# CF card recommendations?



## TCUphoto (Mar 24, 2012)

New to CF cards, need one for my Canon 7d. Do mostly portrait work, no video. I've always used sandisk, but has anyone used the other brands like kingston or transcend? Those are almost half the price of SanDisk so I'm considering switching.


----------



## Tony S (Mar 24, 2012)

I've always stuck with either Sandisk or Lexar.  Usually with fixed memory like this it's tough to go bad with known names.  Lexar and Sandisk are known as top brands, Kingston and Transcend come in below those but get decent reviews from folks using them.  When you are shopping prices though, make sure you are comparing comparable cards.  Each company makes different levels of CF cards with different write speeds, so try to compare cards with similar specs.


----------



## Big Mike (Mar 24, 2012)

I bought a 32GB Transcend 400x for a good price.


----------



## BarryJackson (Mar 25, 2012)

No Problems with Trancends,tho got 2 bad Sandisk`s in a row


----------



## boofoo502 (Mar 25, 2012)

I have Kingston and sandisk CF no issues with them. Can't say the same for the Kingston flash drive I had or one of the sandisk sd cards. 
Only issue I've seen with CF is people forcing them in and bending pins.


----------



## o hey tyler (Mar 25, 2012)

boofoo502 said:


> Only issue I've seen with CF is people forcing them in and bending pins.



If you know how to use your gear, then it shouldn't be an issue. 

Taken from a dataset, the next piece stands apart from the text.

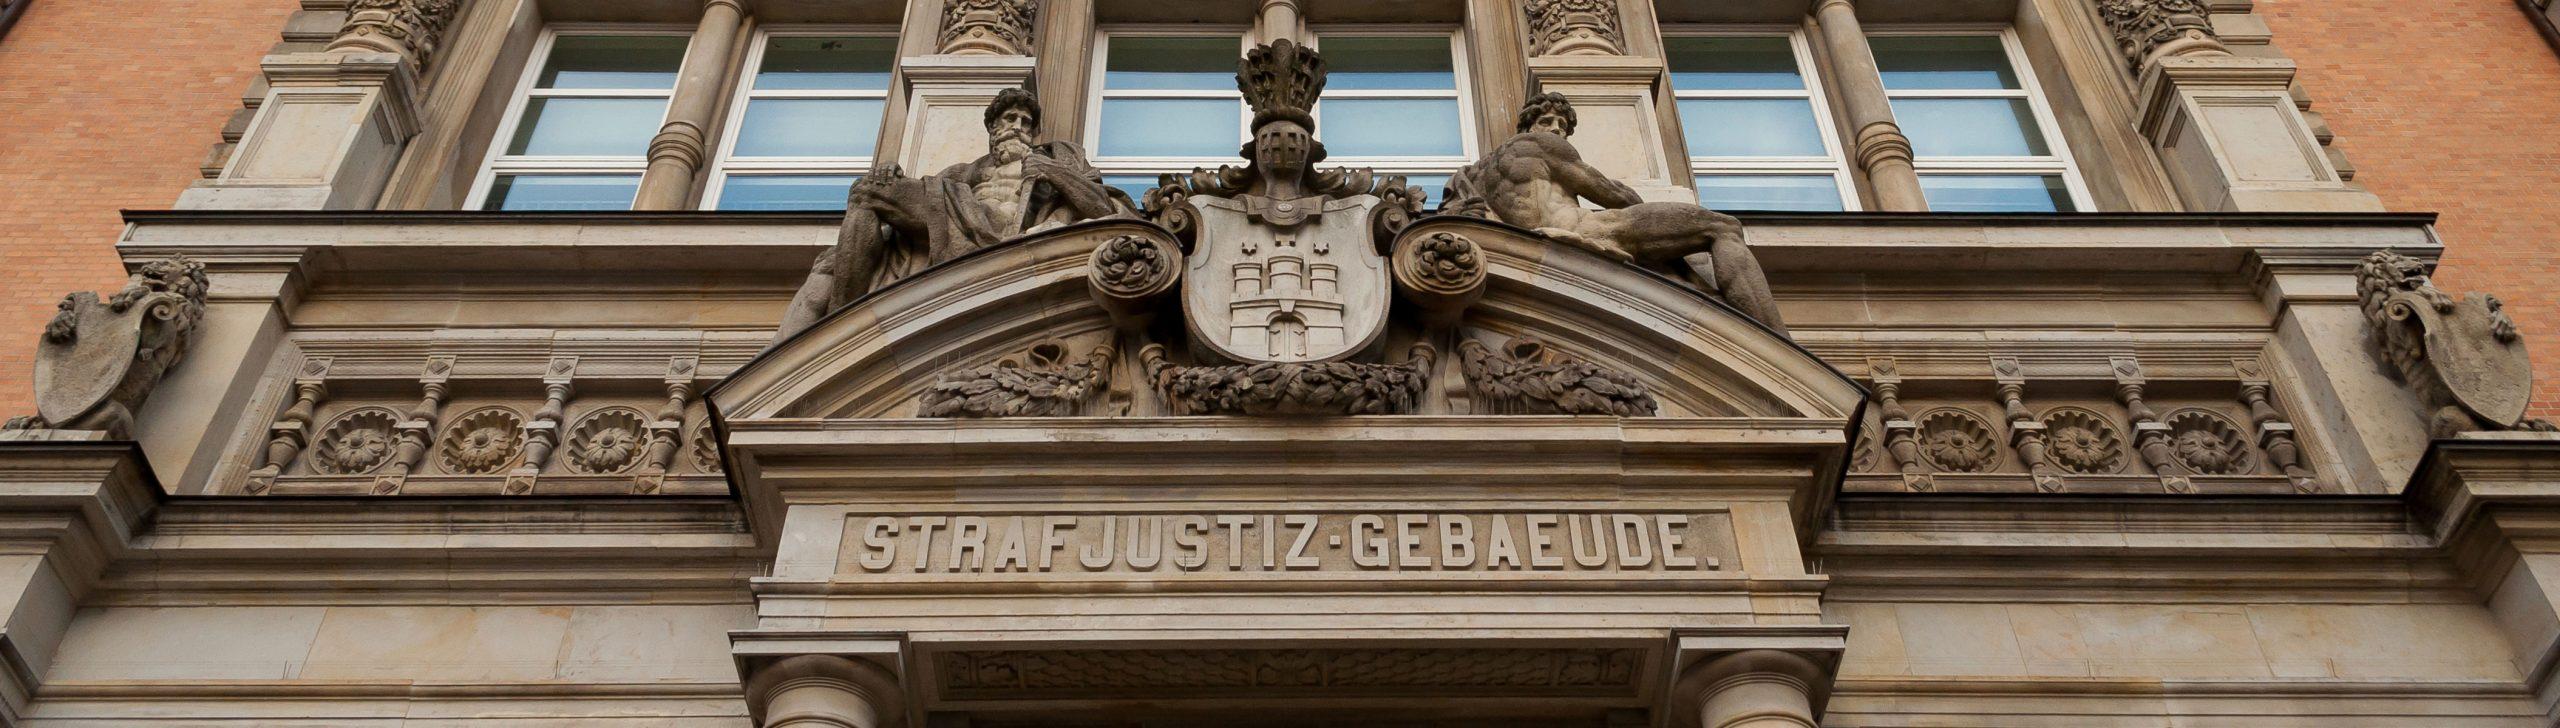 Strafjustizgebäude Hamburg / © Ajepbah / Wikimedia Commons / Lizenz: CC-BY-SA-3.0 DE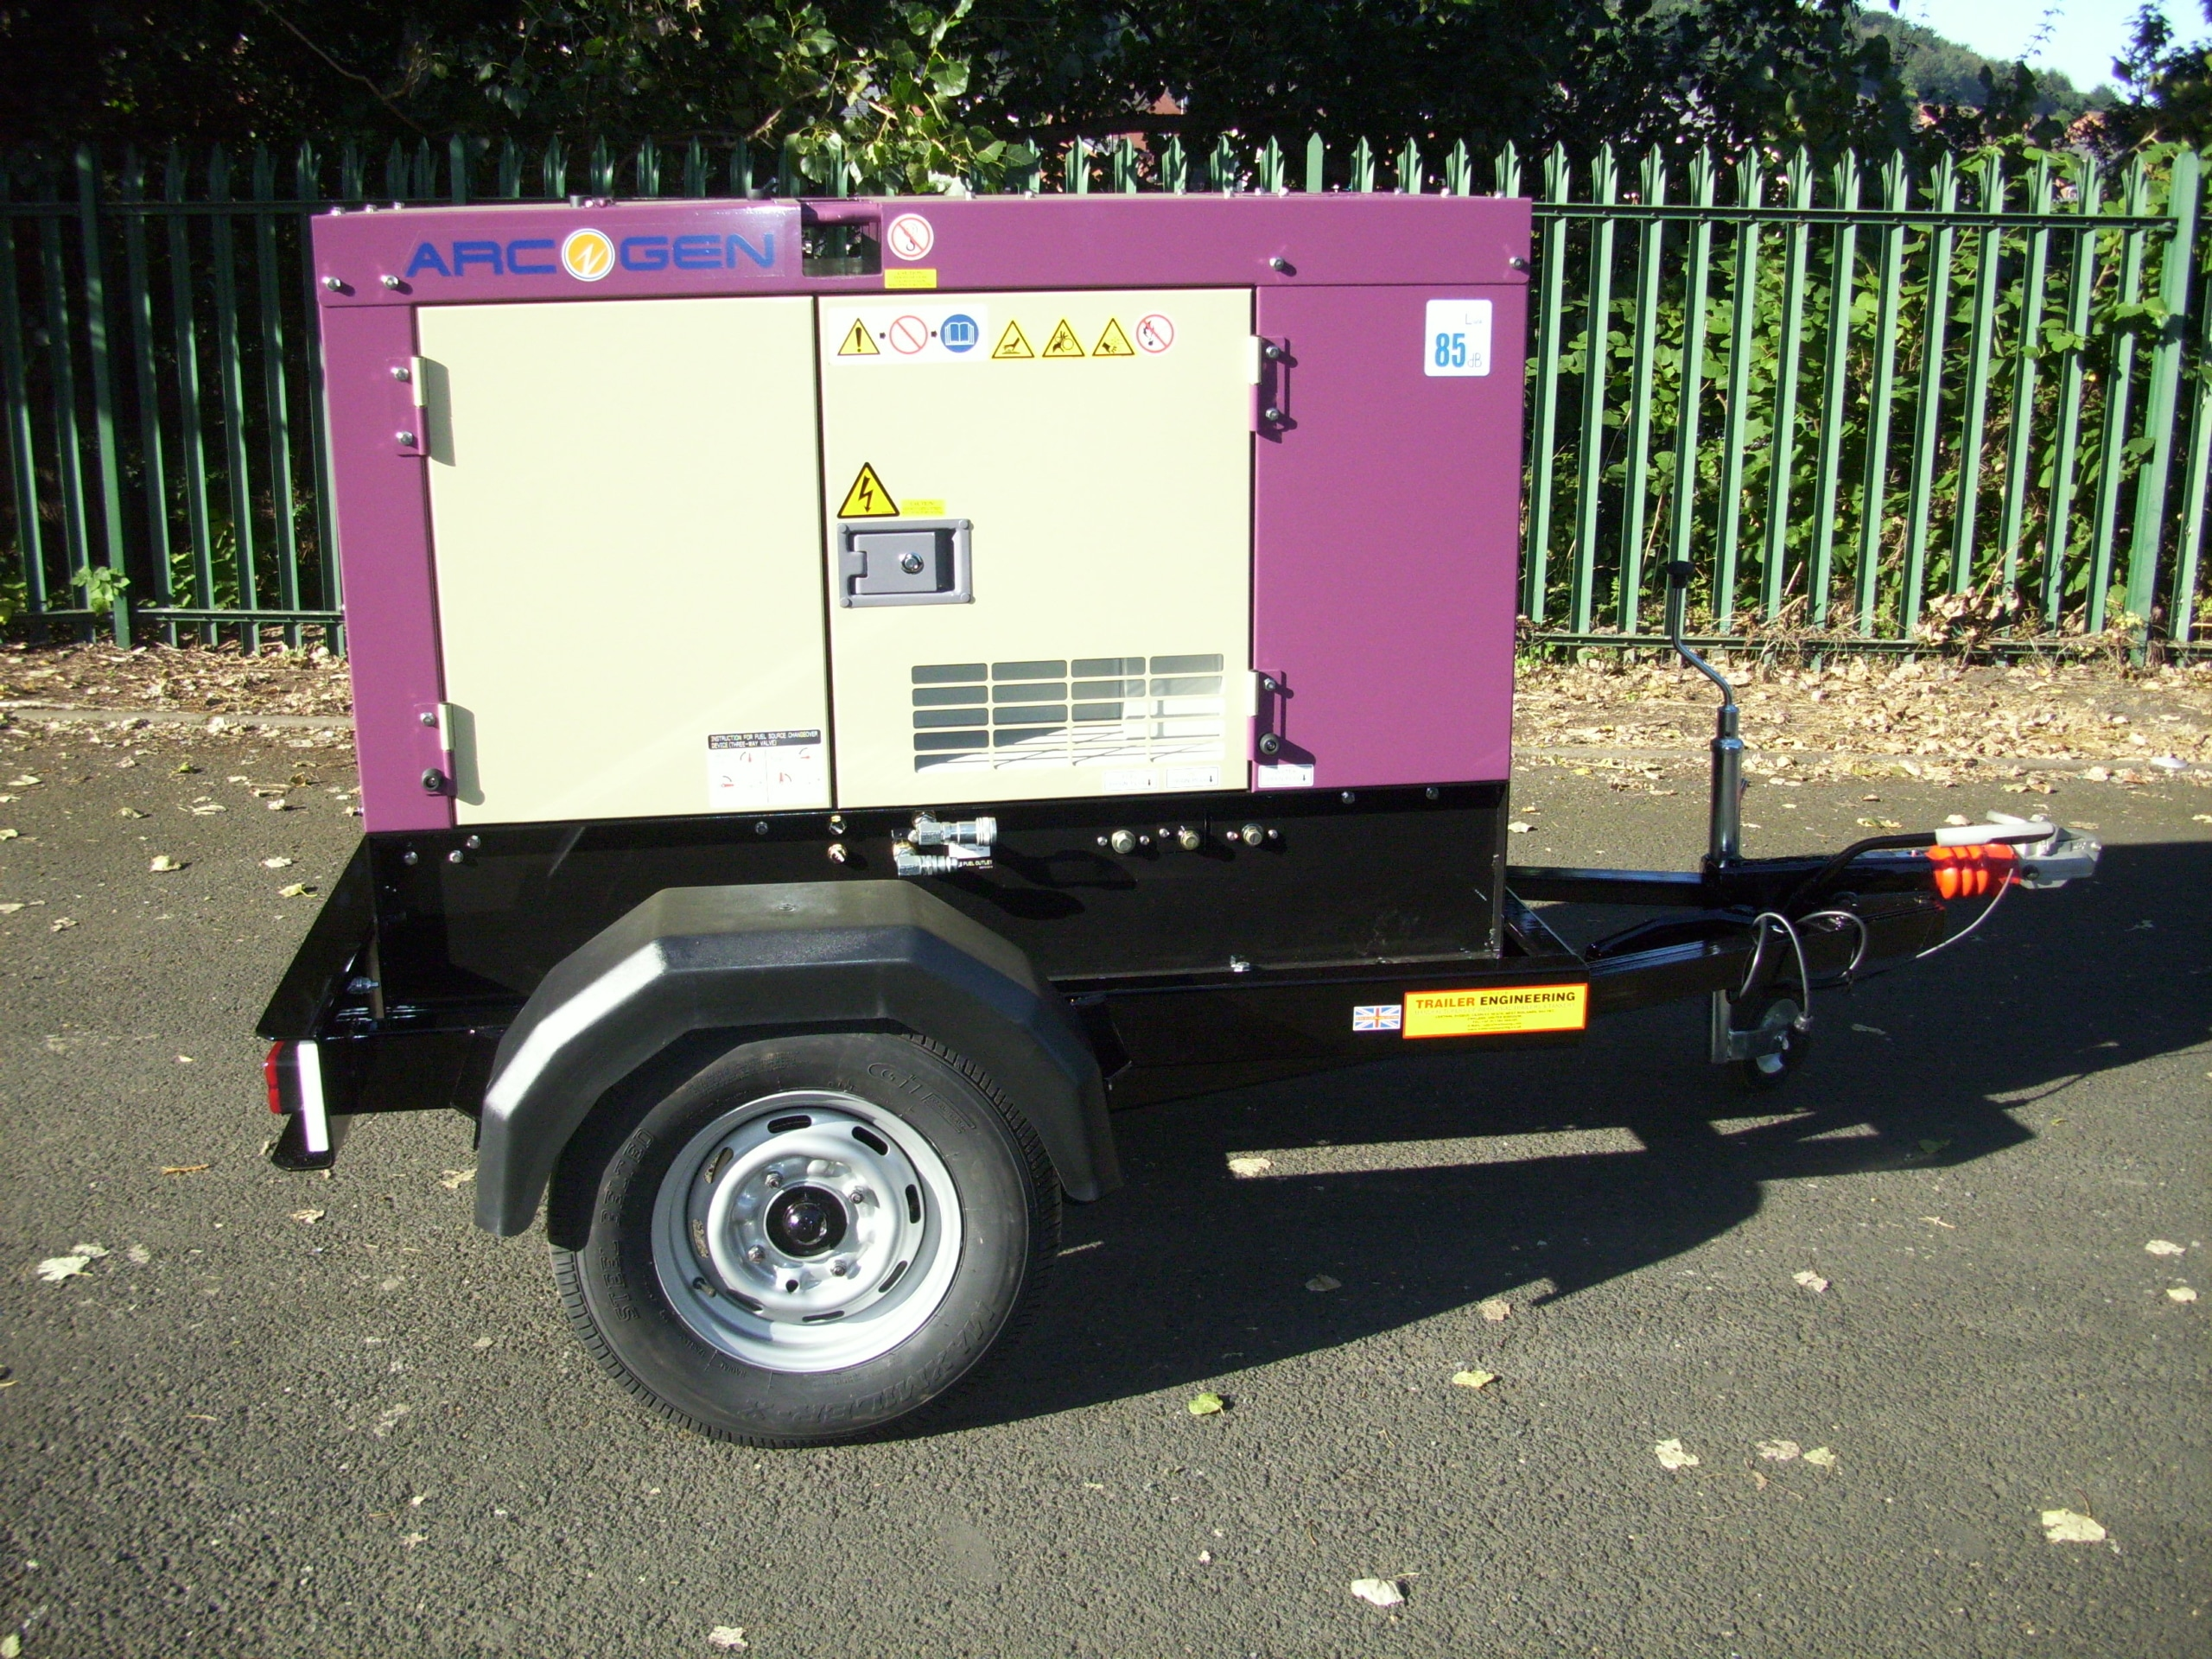 Denyo Arcogen generator trailer

If you're letting someone else use your gear/access your memory card, then you shouldn't do that.


----------



## Hereindallas (Mar 27, 2012)

No recommendation on brand but I prefer several smaller cards such as 8G to one large card.  I figure that is something goes wrong with a 32G card you lose everything......if a smaller one dies you still have the majority of your pics.  JM2C.


----------



## Deo (Apr 3, 2012)

SanDisk and Lexar won't let you down, though it will cost you more.


----------



## dimakuzmich (Apr 12, 2012)

Sandisk EXTREME compact flash 60mb/s 32GB, i cant find anything better!


----------